# Transformation relations tensors

1. Aug 24, 2013

### roldy

I'm trying to understand the transformation relations for 2d stress and the book doesn't show the derivation of the 2d stress transformation relations from the directional cosines. The 2d stress transformation relations are found by using the transformation equation and the 2d directional cosines matrix. I'm really confused as to how they go about performing the math.

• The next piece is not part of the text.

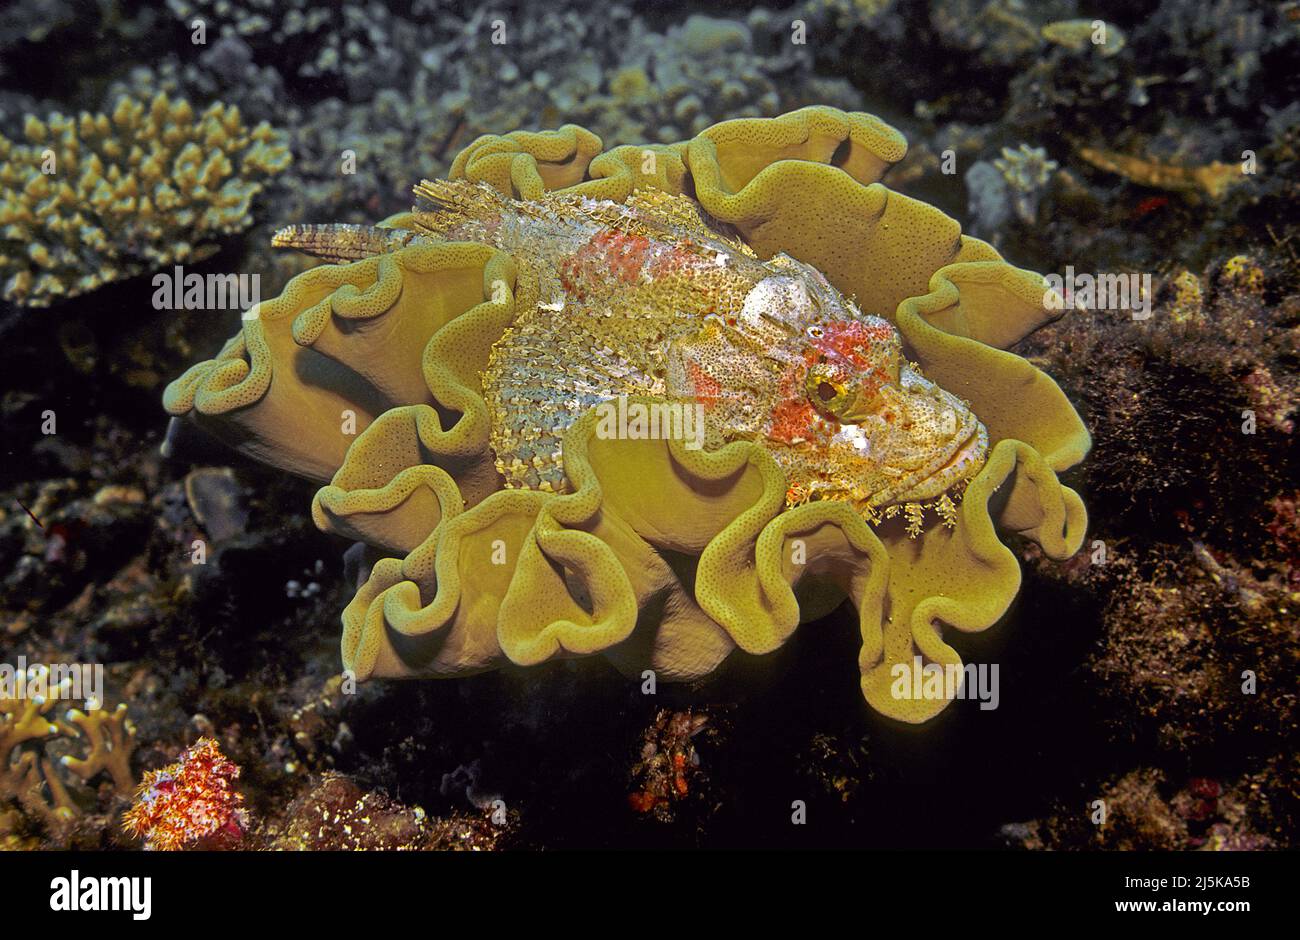 Tasseled Scorpionfish or Bearded scorpionfish (Scorpaenopsis oxycephala), resting in a leather coral, Maldives, Indian ocean, Asia Stock Photo

2d stress transformation relations:

$\sigma_{xx}^{'}= \sigma_{xx} \cos^2 \theta + \sigma_{yy} \sin^2 \theta + 2\sigma_{xy} \cos \theta \sin \theta$

$\sigma_{yy}^{'}= \sigma_{xx} \sin^2 \theta + \sigma_{yy} \cos^2 \theta - 2\sigma_{xy} \cos \theta \sin \theta$

$\sigma_{xy}^{'}= \sigma_{xx}(\cos^2 \theta - sin^2 \theta) + (\sigma_{yy} - \sigma_{xx}) \sin \theta \cos \theta$

transformation equation:

$\sigma_{ij}^{'} = m_{ip} m_{jp} \sigma_{pq}$

2d directional cosine matrix:

$m_{ij} = \left[\stackrel{\cos \theta}{ -\sin \theta}\ \stackrel{\sin \theta}{\cos \theta} \right]$

I guess the thing that I'm confused about is $\sigma_{pq}$. What does that matrix look like?

2. Aug 24, 2013

### mathman

I suspect σpq is simply the original matrix elements.
σ11 = σxx etc.

$\sigma_{ij}^{'} = m_{ip} m_{jp} \sigma_{pq}$
should be
$\sigma_{ij}^{'} = m_{ip} m_{jq} \sigma_{pq}$